The idea came when I noticed that prices for certain types of item varied tremendously depending on where the item was sold. I observed that on eBay, quite a few ‘top ticket’ items were struggling to attract the same interest and realise the same values as they did elsewhere, such as in a specialist auction. I then became aware of a feeling that many prospective buyers were giving eBay a wide berth, and with that it dawned on me that if there was an alternative to eBay – a website that vetted it’s sellers more rigorously and was more accountable – there would be a much wider, much more confident buying audience available, and accordingly, a chance of the seller securing a better price for their item.
Buyers could be enticed in by the promise of no buyers’ premium and a regulated application process for sellers; who benefit from our competitive 8% commission rate on sales. Bearing in mind that eBay charges a 10% sellers’ fee, and physical auction houses charging anywhere up to 20%, I believe that if you have railwayana to sell the cheapest way to do it is with Mid-Rail. You also don’t have to wait several months to enter the item into auction; at Mid-Rail, once registered, your items can be online in minutes.
So a bit about me then. My involvement on the railways began in 2005 when I took a job with a building services contractor in Melton Mowbray and was assigned to work on the firm’s contract with Midland Mainline, the train operating company (TOC) that operated trains on the mainline between Sheffield and London St. Pancras. During my time with the firm, I completed my electrical apprenticeship and became part of a 4-man team that maintained and repaired the stations in Sheffield, Chesterfield, Derby, Leicester, Market Harborough, Kettering & Wellingborough.

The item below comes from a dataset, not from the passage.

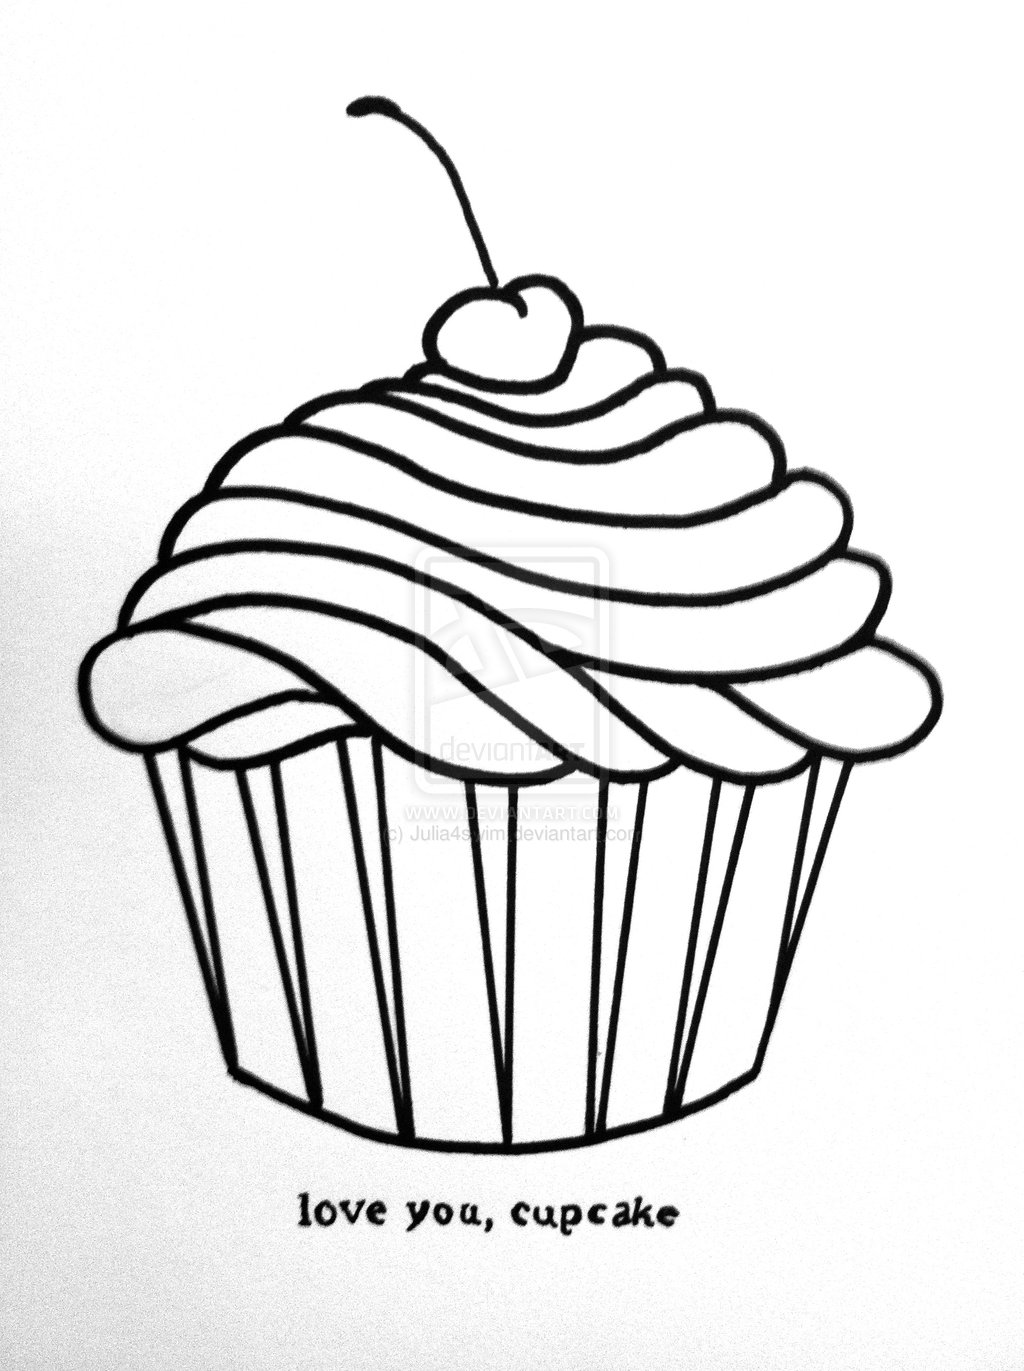 Black cup cake, Cupcake Birthday cake Muffin Drawing, Cupcake Line Drawing,  template, white png | PNGEgg
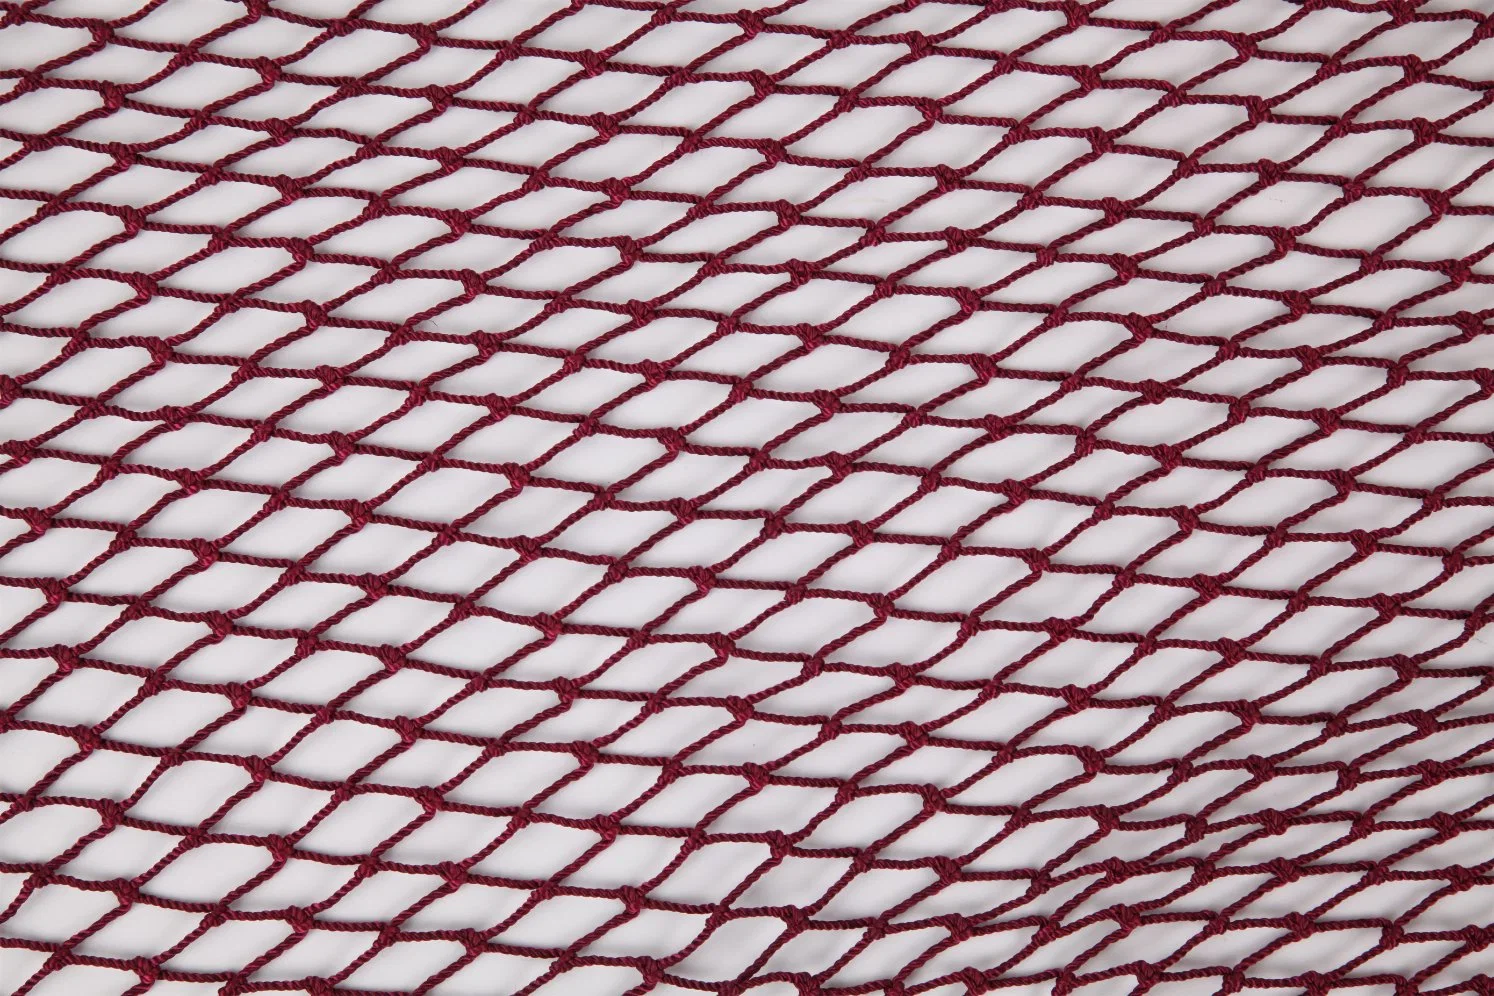 Agriculture Nets Top Quality Nylon Polyester Net Cast on Sale 100% PA Multifilament Fishing Net

In 2009 the merger of Midland Mainline and Central Trains’ networks gave rise to East Midlands Trains, and with that, my colleagues and I suddenly gained another 82 stations to look after. Now, instead of just tracking up and down the M1, we suddenly found ourselves becoming acquainted with roads like the A50, A52 and the A17 in order to find and look after rural outstations such as Bottesford, Havenhouse and Alsager, and stations serving larger towns such as Mansfield, Kidsgrove and Skegness, each is unique with its own ‘feel’ and no two days were ever the same – just the way I like them!
It wasn’t until 2016, eleven years into my time on the railways that I took much notice of the railwayana scene. A spontaneous random search on eBay led to the purchase of my first sign – a Regional Railways platform sign from Spooner Row station in Norfolk. The rest, as they say, is history, and I have been collecting and trading railwayana ever since, making friends and meeting great people in the process.
Sadly my role looking after the railway stations of the East Midlands came to an end in September 2018, but my love for the railways has not ended, and my best friends are the men I left behind who still maintain the stations of the East Midlands to this day. I often long to re-join them, roving across the Midlands keeping our wonderful stations running. Maybe one day I may go back!
I live just outside Newark on Trent in Nottinghamshire with my partner Sally, and our 9-year-old son, Lawrence.